* _Raw data_
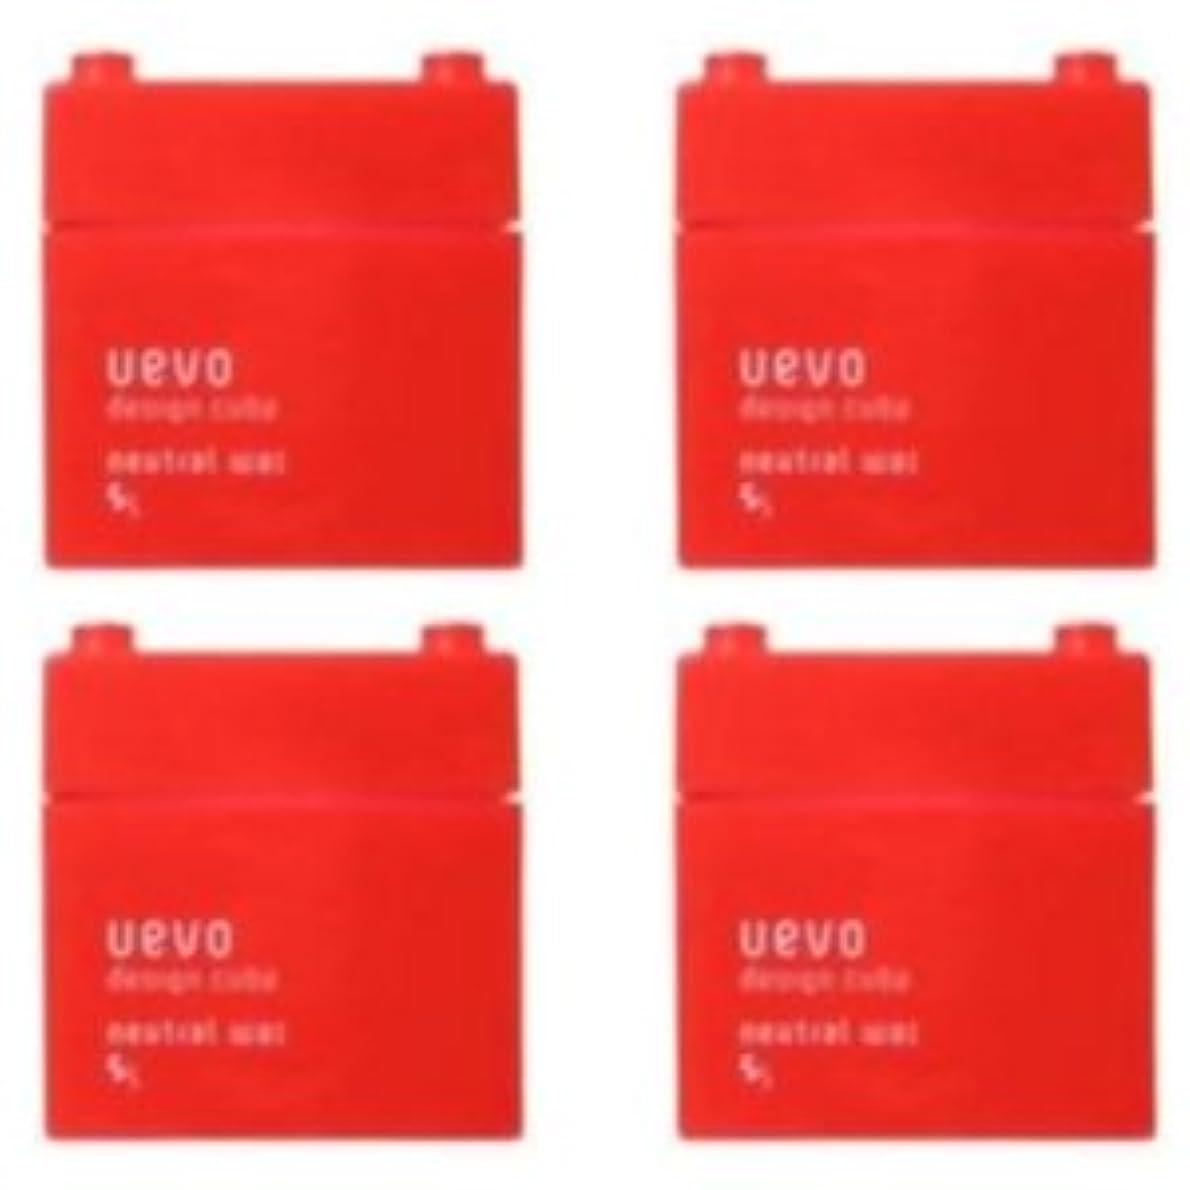 時間肺炎ゆるい【X4個セット】 デミ ウェーボ デザインキューブ ニュートラルワックス 80g neutral wax DEMI uevo design cube
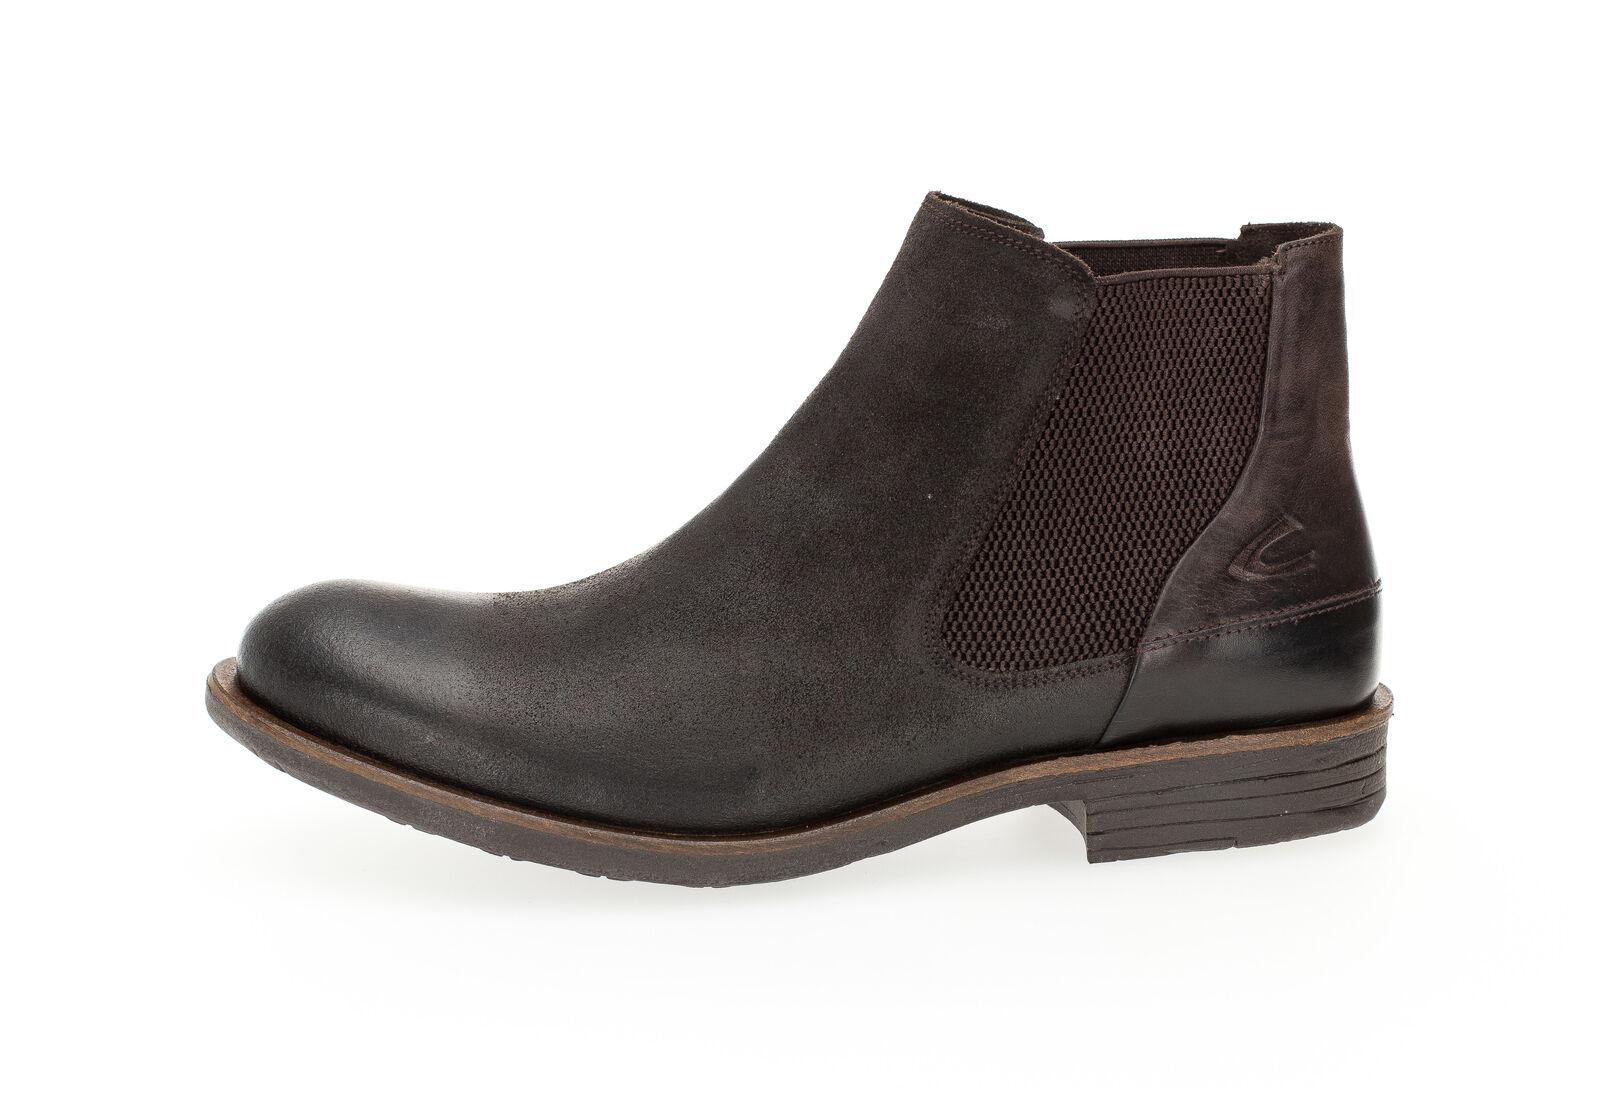 fff9ae4a424 Camel Active zapato Check chelsea bote zapato de cuero marrón NUEVO señores  13 prycip1607-Botas
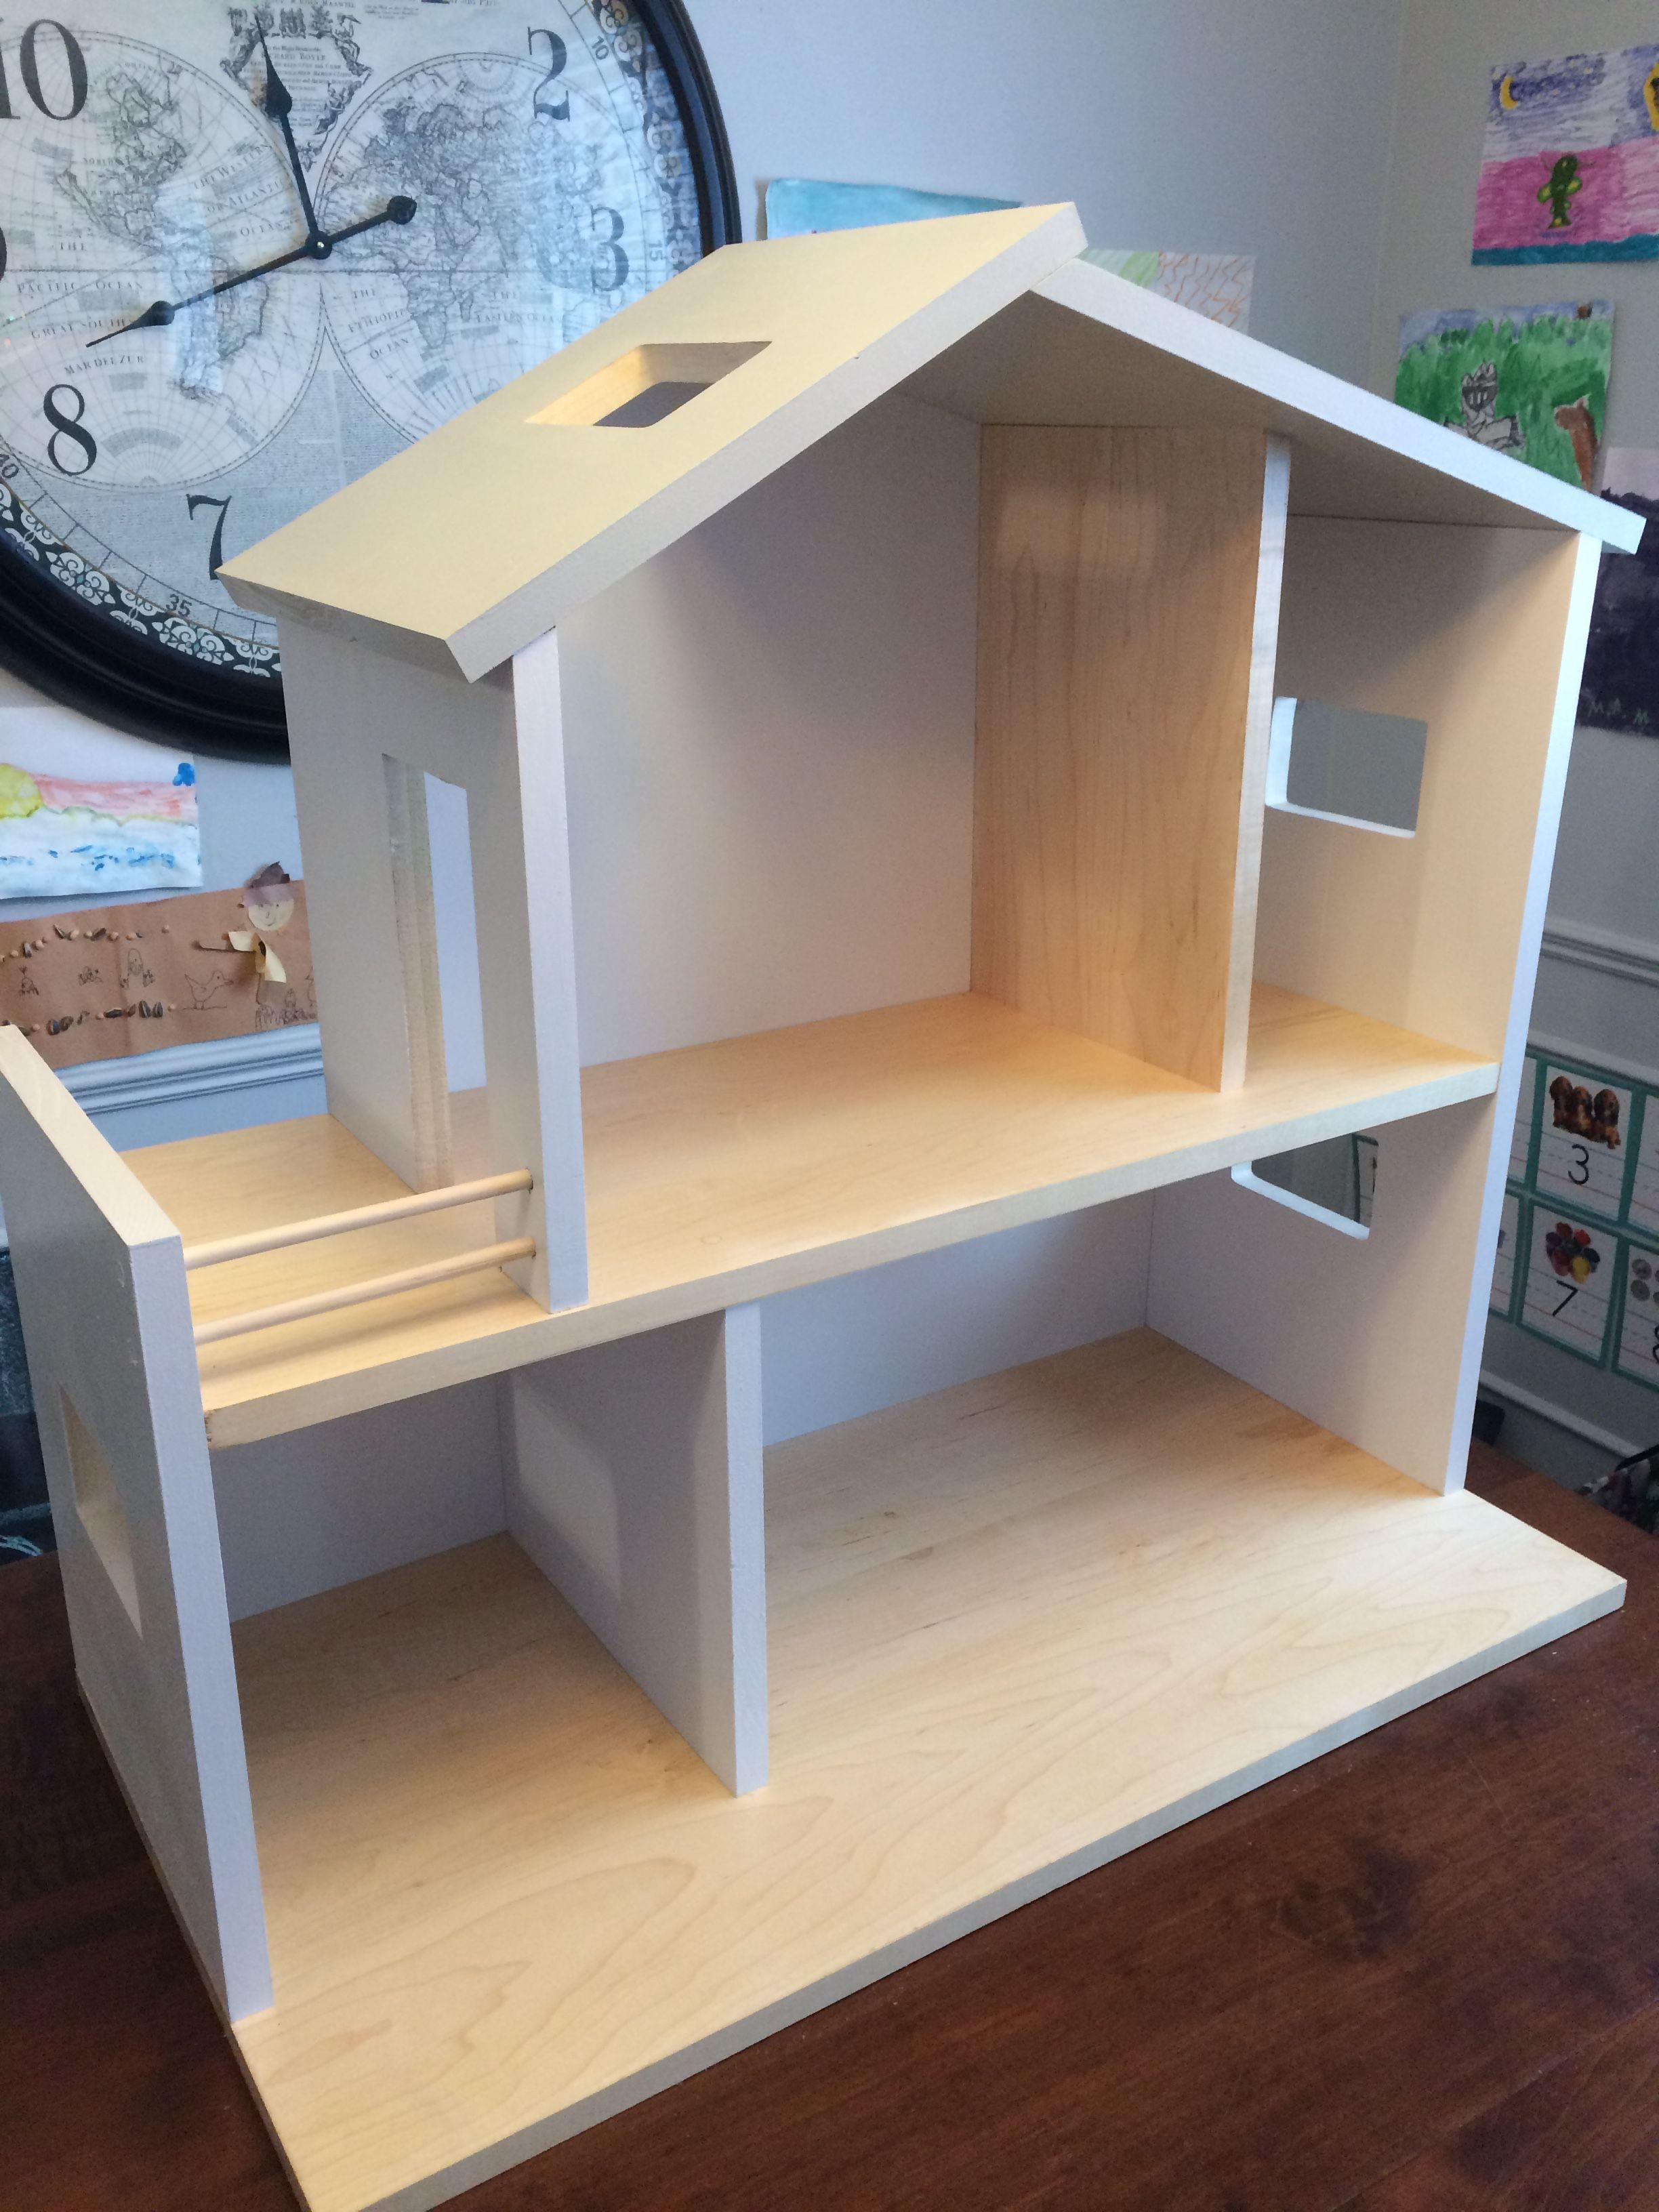 sch n holzspielzeug pferdestall selber bauen tierspielzeug. Black Bedroom Furniture Sets. Home Design Ideas

* _Task goal_
Pictures are not part of the copy. Reproduce the lines from the one with "fff9ae4a424 Camel Active" through the end of the listing above.

* _Answer for this exercise_
 fff9ae4a424 Camel Active zapato Check chelsea bote zapato de cuero marrón NUEVO señores  13 prycip1607-Botas
 sch n holzspielzeug pferdestall selber bauen tierspielzeug. Black Bedroom Furniture Sets. Home Design Ideas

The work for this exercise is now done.